Татары в рассказе новгородца действуют крайне успешно. Все, что они затевают, им удается. Видимо, поэтому рассказ летописца о военных удачах монголо-татар довольно монотонен: книжник просто перечисляет этапы движения татар к поставленным целям. Характерно описание осады Рязани и синхронных этому событий. Так, «иноплеменници погании оступиша Рязань и острогомъ оградиша», после чего они сражаются с рязанским князем Романом вне стен города («оступиша ихъ татарове у Коломны, и бишася крепко, и прогониша ихъ к надолобомъ, и ту убиша князя Романа»), вслед за этим «татарове взяша град (Москву)», «избиша» москвичей, после чего, «вземшемъ Рязань», «поидоша къ Володимирю»[158]. Победы татар происходят как бы сами собой, без каких бы то ни было усилий с их стороны. Та же тенденция наблюдается и в описании дальнейших событий, связанных теперь уже с осадой Владимира: татары «приближишася къ граду, и оступиша градъ силою, и отыниша тыномъ всь». «Заутрие» город оказывается уже взят (это замечают (!) оставшиеся во Владимире защитники города — князь Всеволод и владыка Митрофан) и разграблен. Татары поразительно, сверхъестественно удачливы в борьбе с русскими и за пределами городов. Бежавший из Владимира великий князь Юрий Всеволодович просто не успевает «ничтоже» противопоставить «внезапу приспевшим» татарам и погибает «на реце Сити».
Представляется, что книжник не случайно так однообразен в описании побед «поганых». Связано это, вероятно, даже не столько с их реальными успехами, которые, конечно, были велики, сколько с авторским представлением о том, каким способом монголо- татары достигали своих побед. «Окаянные безбожники» татары, в восприятии летописца, не могли поступать иначе, они не могли действовать против русских с какими?либо затруднениями — это, судя по всему, просто бы не соответствовало стереотипу должного для них поведения.

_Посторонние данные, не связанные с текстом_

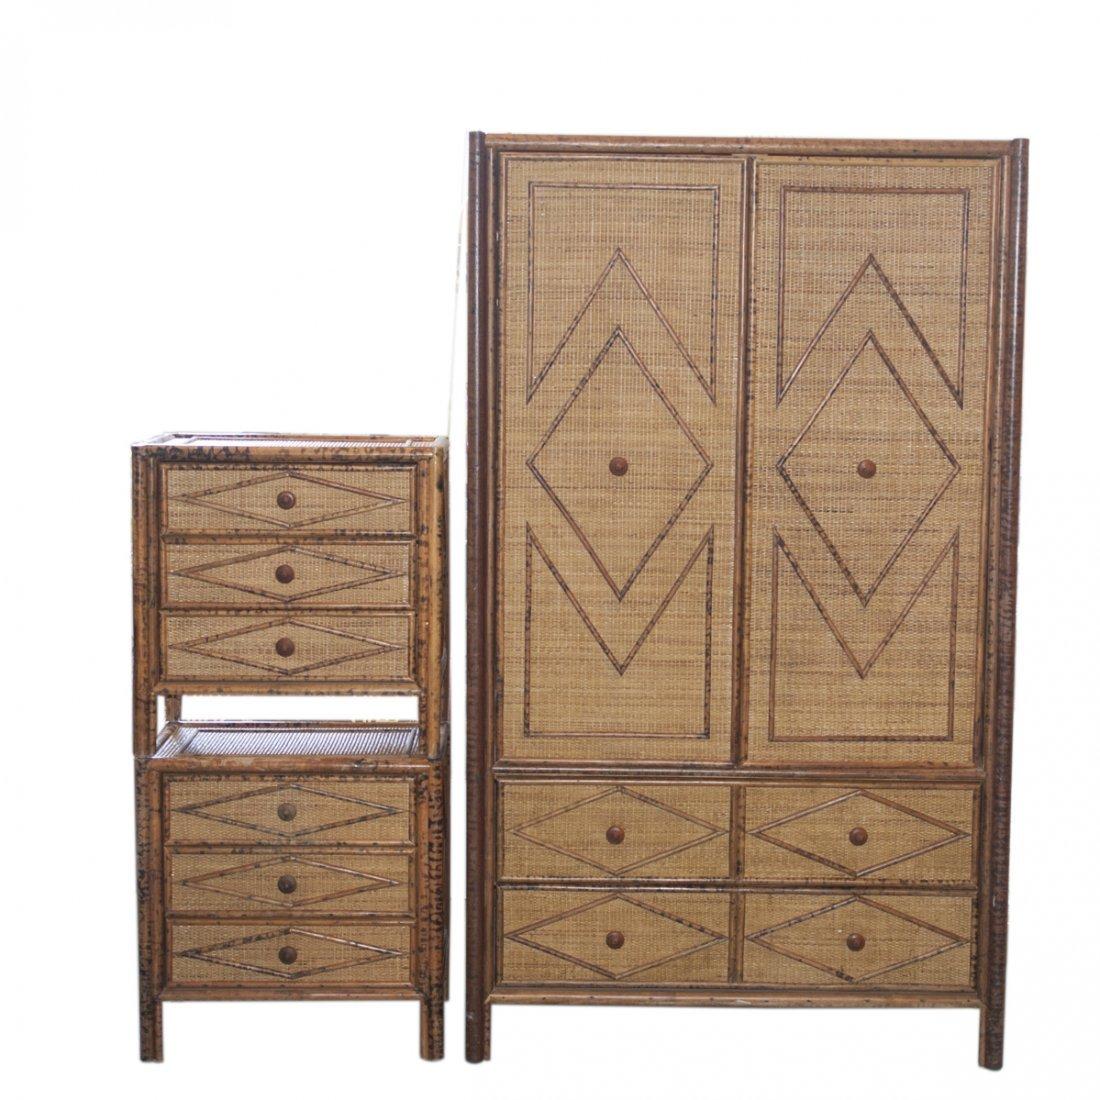 Vintage Wicker & Bamboo Furniture Set - 2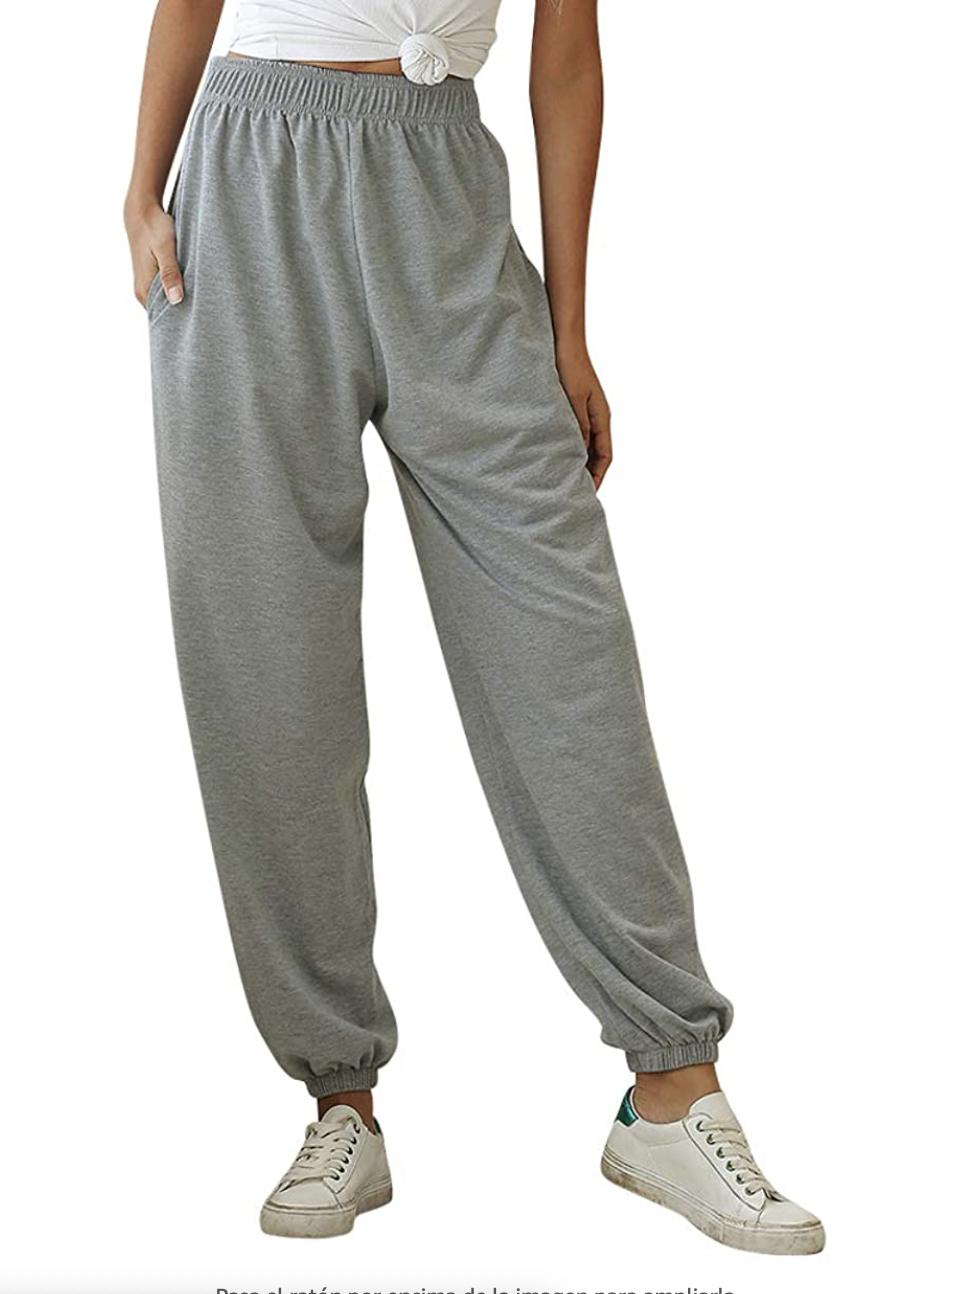 Nuofengkudu Mujer Harem Pantalones Jogging con Bolsillos Elastica Cintura Alta Comodo Llanura Largos Pantalón Deportiva Jogger Pants Sweatpants Casual Ropa de Casa

Для летописца военные удачи татар связывались с тем, что татары действовали в качестве орудия Божьей кары, и, следовательно, с принципиальной невозможностью русских противостоять «промыслу Господнему», карающему Русь «за грехи». Новгородский книжник неоднократно подчеркивает очевидную для него мысль о том, что невозможно противиться Божьему гневу. Татары, действующие в качестве орудия этого гнева, не встречают никакого сопротивления со стороны русских.